Dip for Shrimp, Veggies and/or Pork Rinds
This is from my friend Cheri, from Springfield, IL. I met her in a low-carb chat room early in 2001.
1 1/2 cup mayo 1/4 cup prepared horseradish 3 Tbls lemon juice 1 teasp onion juice 1 tablespoon worcheshire sauce 1 teasp fresh parsley 1/4 teasp hot sauce or red pepper 1 clove garlic
Mix all together then chill...serve with shrimp, veggies, or porkrinds.
Pepperoni Dip
This one is too easy to be true!
8 oz. pepperoni, finely chopped 2 C. sour cream
Mix together and let sit overnight in refrigerator to blend flavors and soften pepperoni. Serve with pork rinds or raw veggies.
12 servings
Per Serving (excluding unknown items): 175 Calories; 16g Fat (83.3% calories from fat); 5g Protein; 2g Carbohydrate; 0g Dietary Fiber; 32mg Cholesterol; 406mg Sodium.
WINGS! Wings are my new favorite! I only just recently started making wings that I REALLY like. My friend, Cheri, got me started with the basic way of cooking them; I have come up with a couple variations on my own.
10 to 12 wing sections Oil for deep frying Your choice of coatings*
Deep fry frozen wing sections for 12 minutes; remove from oil and drain. Place in bowl with coating of choice; toss till well-coated. Arrange in single layer on broiler pan and place in cold oven. Set oven to 400F and set timer for 15 minutes. This is not to cook the wings; this will merely dry the coating so they won't be so messy to eat! Serve with celery sticks and bleu cheese dressing (or ranch- my preference) for dipping. Enjoy!

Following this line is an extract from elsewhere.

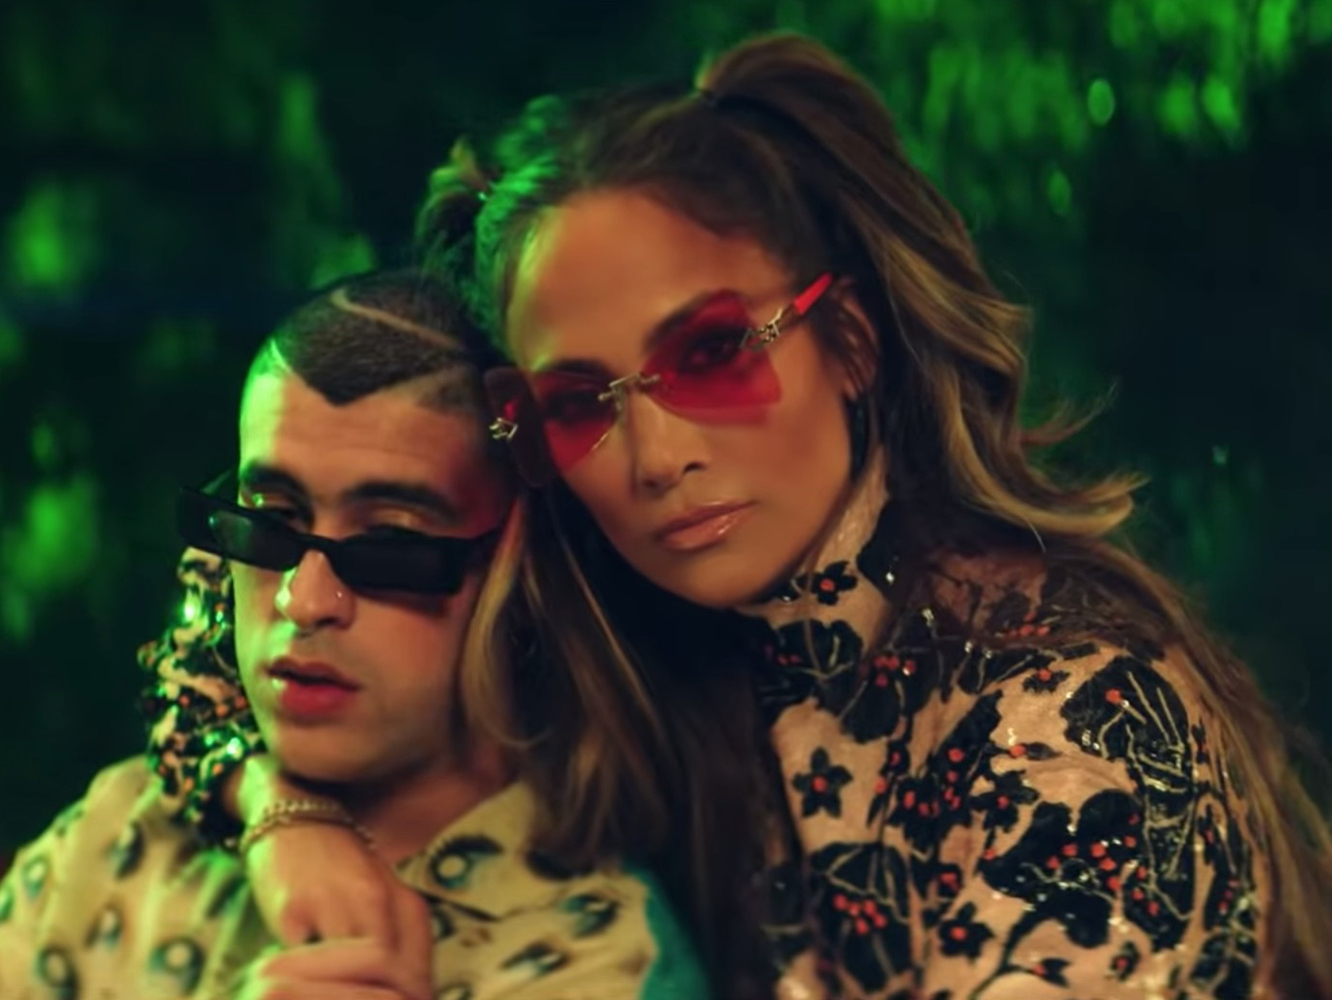  Jennifer Lopez ejerce de invitada en su propio tema junto a Bad Bunny, ‘Te Gusté’

*Original hot wings: toss fried wings with Frank's Redhot Hot Sauce, and sprinkle with seasoned salt.
*BBQ wings: toss fried wings with your favorite LC barbecue sauce and sprinkle with garlic powder.
*Sweet mustard wings: toss fried wings with 3 Tbsp. SF pancake syrup and 6 Tbsp. yellow mustard. May add hot mustard powder for more "bite".

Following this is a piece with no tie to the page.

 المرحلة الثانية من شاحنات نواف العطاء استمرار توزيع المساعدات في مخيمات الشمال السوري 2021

Saganaki (Flaming Cheese Appetizer)
1/2 lb Kasseri or Kefalotyri cheese 1/4 cup butter 1/2 cup wheat protein isolate 1/4 cup brandy, warmed for a few seconds in microwave 1/2 fresh lemon
Slice cheese about 1/3 to 1/2 inch thick, then cut into serving-size pieces. Dredge cheese in wheat protein isolate.
Melt butter. Cook cheese pieces in frying pan with butter. Do not burn; just lightly brown. (I used a non-stick pan for browning the cheese, then transferred to stainless steel for flaming & serving.)
Pour brandy over hot cheese. Ignite brandy. Douse flames with lemon juice. Serve hot.
4 servings.
Per Serving (excluding unknown items): 356 Calories; 30g Fat (79.6% calories from fat); 14g Protein; 3g Carbohydrate; trace Dietary Fiber; 88mg Cholesterol; 654mg Sodium.
Burgundy Mushrooms 1 1/2 cups butter 1 quart red wine (a medium-priced burgundy is best) 2 Tbsp. Worcestershire sauce 1 tsp. dill seed 1 tsp. pepper 1 tsp. garlic powder 2 cups boiling water 3 beef bouillon cubes 3 chicken bouillon cubes 4 lbs. fresh mushrooms salt
In a large Dutch oven, combine butter, wine, Worcestershire, dill, pepper, garlic, water and bouillon; bring to a boil.
Clean mushrooms with a damp paper towel and trim ends of stems. Add mushrooms to liquid and reduce heat to simmer. Cover and cook 5 to 6 hours. Remove lid and cook 4 more hours. When ready, liquid should just cover mushrooms. Salt to taste. Serve hot.
12 to 16 servings
Per Serving- based on 16 servings- (excluding unknown items): 229 Calories; 18g Fat (80.3% calories from fat); 3g Protein; 7g Carbohydrate; 1g Dietary Fiber; 47mg Cholesterol; 492mg Sodium.
(This includes ALL the ingredients; you actually only eat the mushrooms, and they DO absorb some of the cooking liquid, but I think this count is a bit on the high side.)